It’s a rule that financial experts have long supported. But it may not be right for you.
The 4% rule might seem like a simple principle for managing your individual retirement account (IRA) or 401(k). But in reality, it could let you down, either by putting you at risk of running out of money or unnecessarily limiting the amount you can withdraw each year.
One issue with the 4% rule, for example, is that it assumes your portfolio is pretty evenly split between stocks and bonds. If you’re more stock-heavy, though, a 4% withdrawal rate might mean shorting yourself on yearly income, since that type of portfolio might generate stronger returns. And if you’re more bond-heavy, your portfolio may not earn enough to support a 4% withdrawal rate.
There’s also the timing of your retirement to consider. The 4% rule is meant to support 30 years of retirement account withdrawals. If you end your career at 60, you might need more than 30 years of income from your savings. And if you work until 70, you may be looking at fewer.

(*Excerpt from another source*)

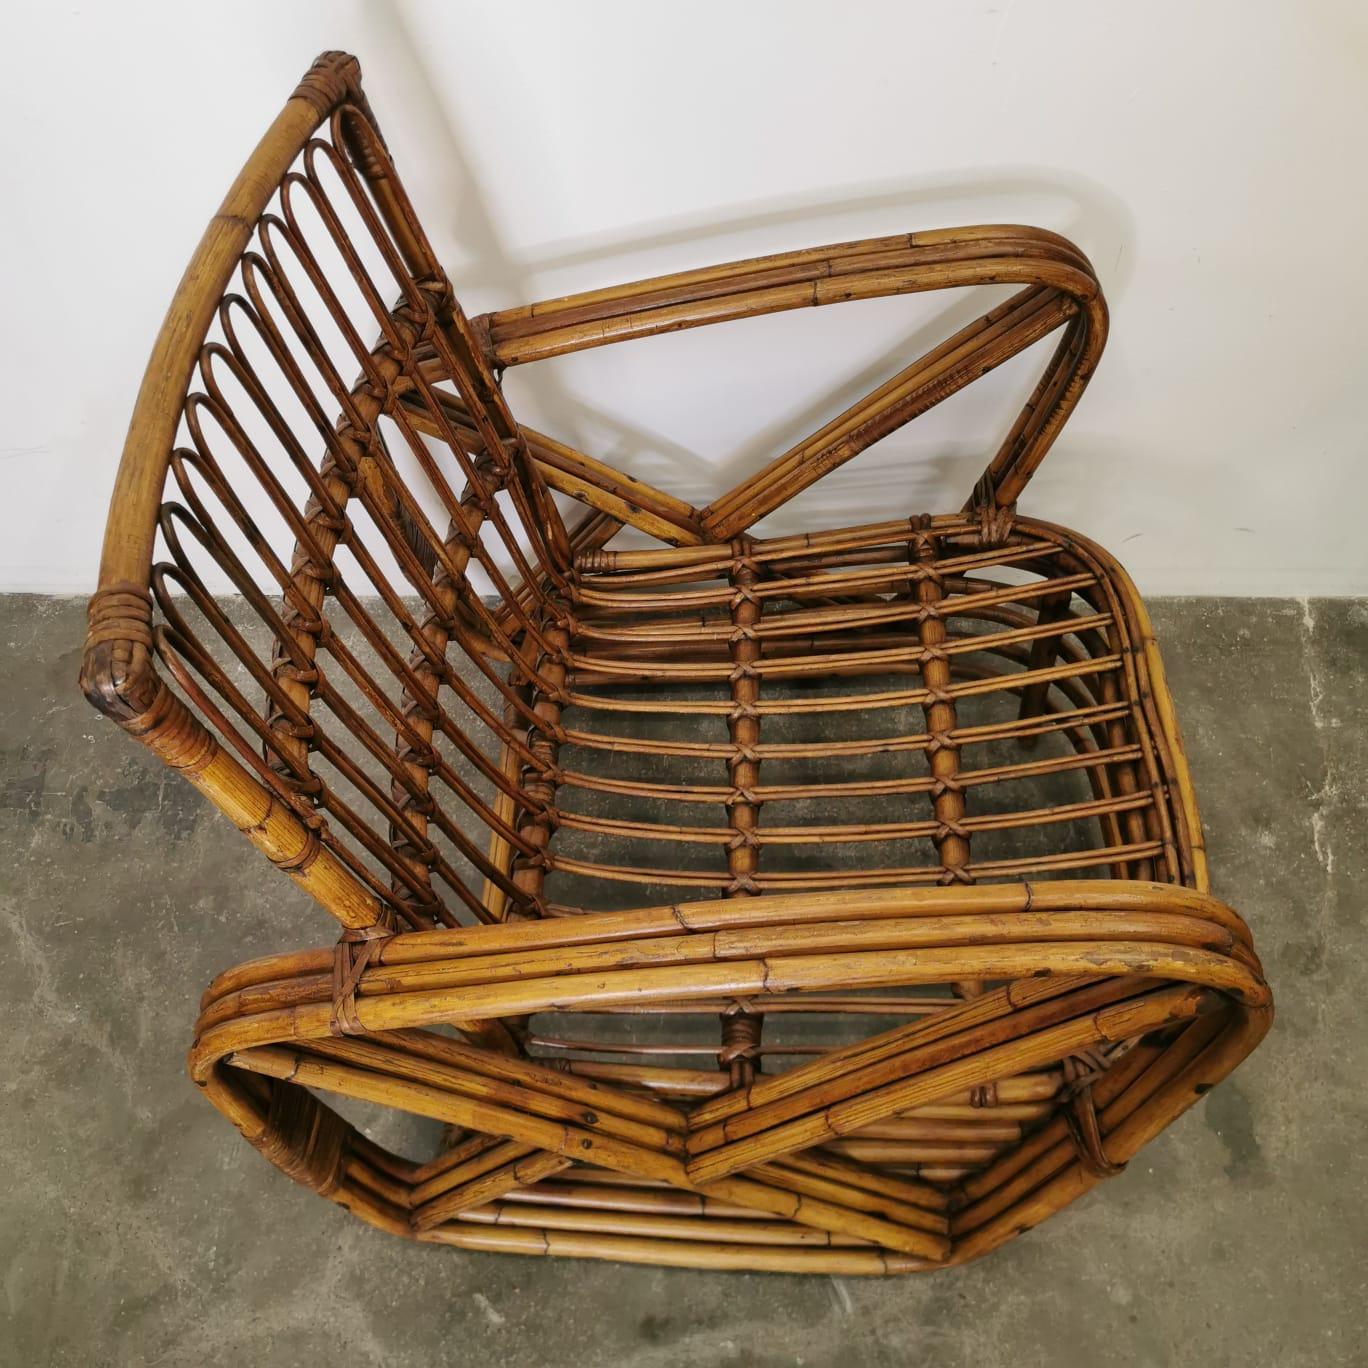 L'ensemble de 2 fauteuils en bambou conçu par Paul Frankl est une combinaison captivante de beauté naturelle et de design moderne. Fabriquées à partir de bambou durable, ces pièces exhalent un air d'élégance organique tout en mettant en valeur les

If you’re going to follow the 4% rule for retirement, your best bet may be to use it as a starting point only, customizing a strategy that works for you. That strategy should hinge on:
The composition of your portfolio
Your retirement age and life expectancy
Your annual spending needs
Other income sources
You may, after running through different options, come to the conclusion that the 4% rule does, in fact, make sense for you. But it’s important to look at other strategies before locking yourself into it.
In fact, one thing you may want to do is adopt a withdrawal strategy that evolves as your needs change. That could mean using a 5% withdrawal rate during the early stages of retirement when you’re more active and scaling back to a 3% withdrawal rate when you’re looking to slow down and do less.